On the Design of a Simulation-Assisted Human-Centered Quasi-Stiffness-Based Actuator for Ankle Orthosis

Round 1

Reviewer 1 Report

Comments and Suggestions for Authors

The manuscript details the development and results of an open-source simulation method for designing ankle exoskeleton assistance during the stance phase. Specifically it leverages prior work within Open Sim and MatLab toolboxes from the biomechanics literature to predict spring stiffness and torque outputs for elastic actuator designs of ankle exoskeletons during loaded torso (backpack) walking for flat ground based on joint quasi-stiffness assistance. Given the gap created by the recent developments within Open Sim that have made prior prior models in this area unusable, this work provides a much needed solution to restore this design capability.
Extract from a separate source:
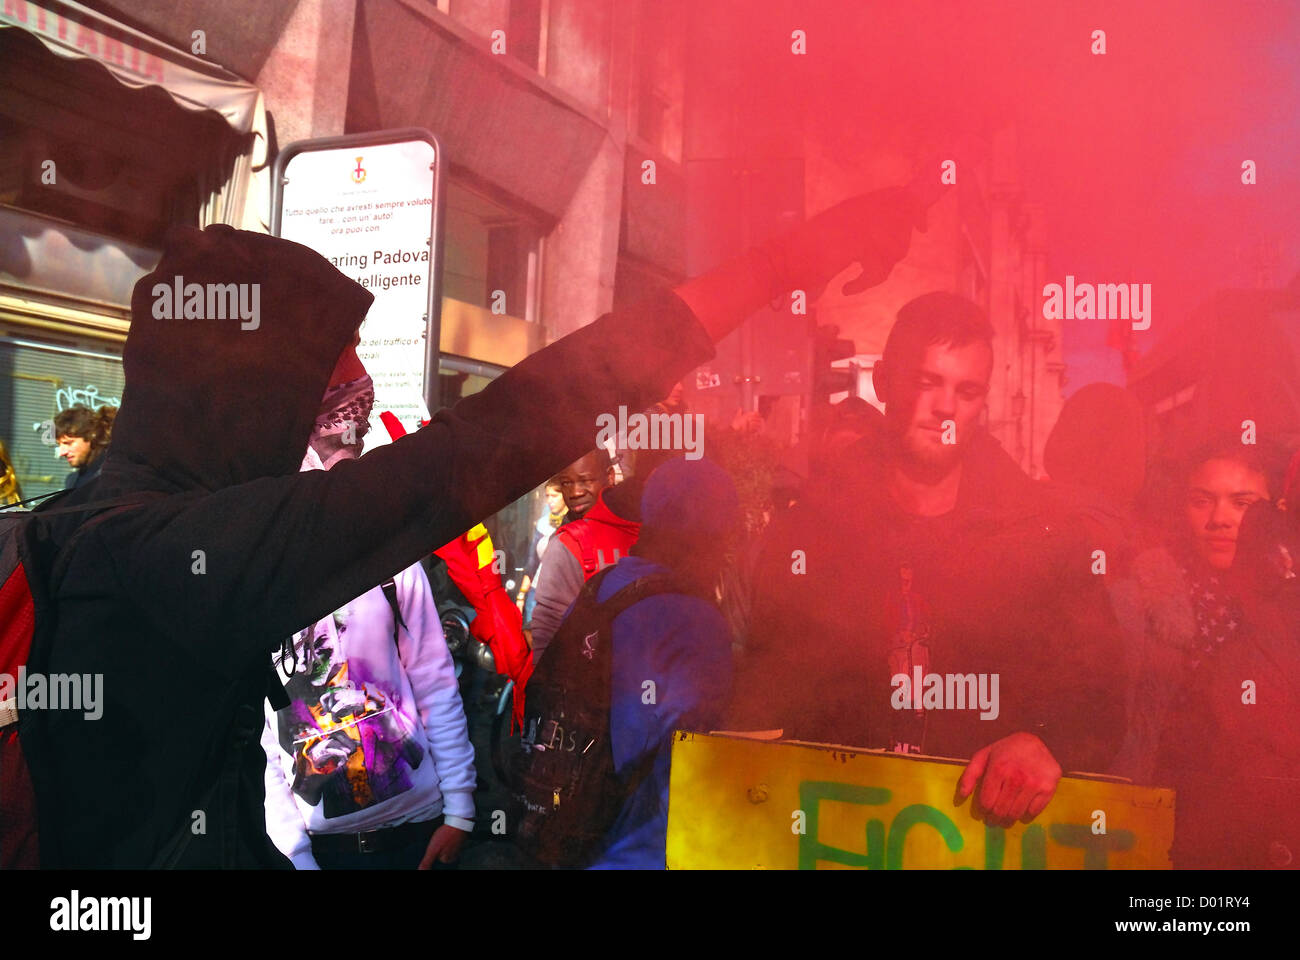 Padova, Italia, 14 Novembre 2012 : Europeo sciopero generale. Scontri con poliziotti. Foto Stock

The detail provided within the manuscript is outstanding but could still benefit from making a few points clearer or stating the limitations better. 

Comments:

1) Please make clear if the mass of the actuator is being included in the simulation and if so, at what location on the body. If it is being included, state what motors are representative of delivering those torques with those device weights so that the results may seem plausible. If the actuator mass is not being modeled, then state that explicitly in the conclusions.

2) The impact of magnitude and locations of added mass on the body (backpack, orthosis, and actuator) with respect to gait adaptations needs to be addressed more clearly. Specifically, is the simulation yielding a change in the gait when the backpack (or other passive objects) are worn? If so, how was this determined and if not, can the errors be estimated so that the simulations are still deemed accurate? Some citations to consider for the impact of added mass on gait are the following: 

Spatiotemporal and muscle activation adaptations during overground walking in response to lower body added mass V Vijayan, S Fang, T Reissman, AL Kinney… - Gait & Posture, 2022  

3) Changing the stiffness at the ankle orthosis will influence other joint moments. Please clarify how these results compare with the literature. A reference is the following: 

T. Kobayashi, M.L. Singer, M.S. Orendurff, F. Gao, W.K. Daly, K.B. Foreman The effect of changing plantarflexion resistive moment of an articulated ankle-foot orthosis on ankle and knee joint angles and moments while walking in patients post stroke Clin. Biomech., 30 (2015), pp. 775-780, 10.1016/j.clinbiomech.2015.06.014  

4) Suggest a minor change to the title, as the design is not directly investigating variable stiffness but instead tuning to particular individuals fixed stiffness designs that are based on quasi-stiffness estimates. Thus suggest removing the words "variable stiffness" and instead insert at same location "quasi-stiffness based"  

Author Response

Dear reviewer, 

I am most grateful for the time you have taken to review our paper.

Please find enclosed a PDF file containing the responses to your comments. This document responds to the comments of both Reviewer 1 and Reviewer 2, as the authors believe that the reviewers may be interested in each other's comments and responses.

Yours sincerely.

Author Response File: Author Response.pdf

Reviewer 2 Report

Comments and Suggestions for Authors

The manuscript presents a comprehensive approach to designing an ankle orthosis using simulations and human-centered design principles. However, it is necessary to clarify the technical workflow (especially in sections like the biomechanical model setup) might improve readability for broader audiences, such as clinical practitioners or interdisciplinary researchers. Also, the authors are suggested to incorporate the following comments and suggestions for improving the manuscript.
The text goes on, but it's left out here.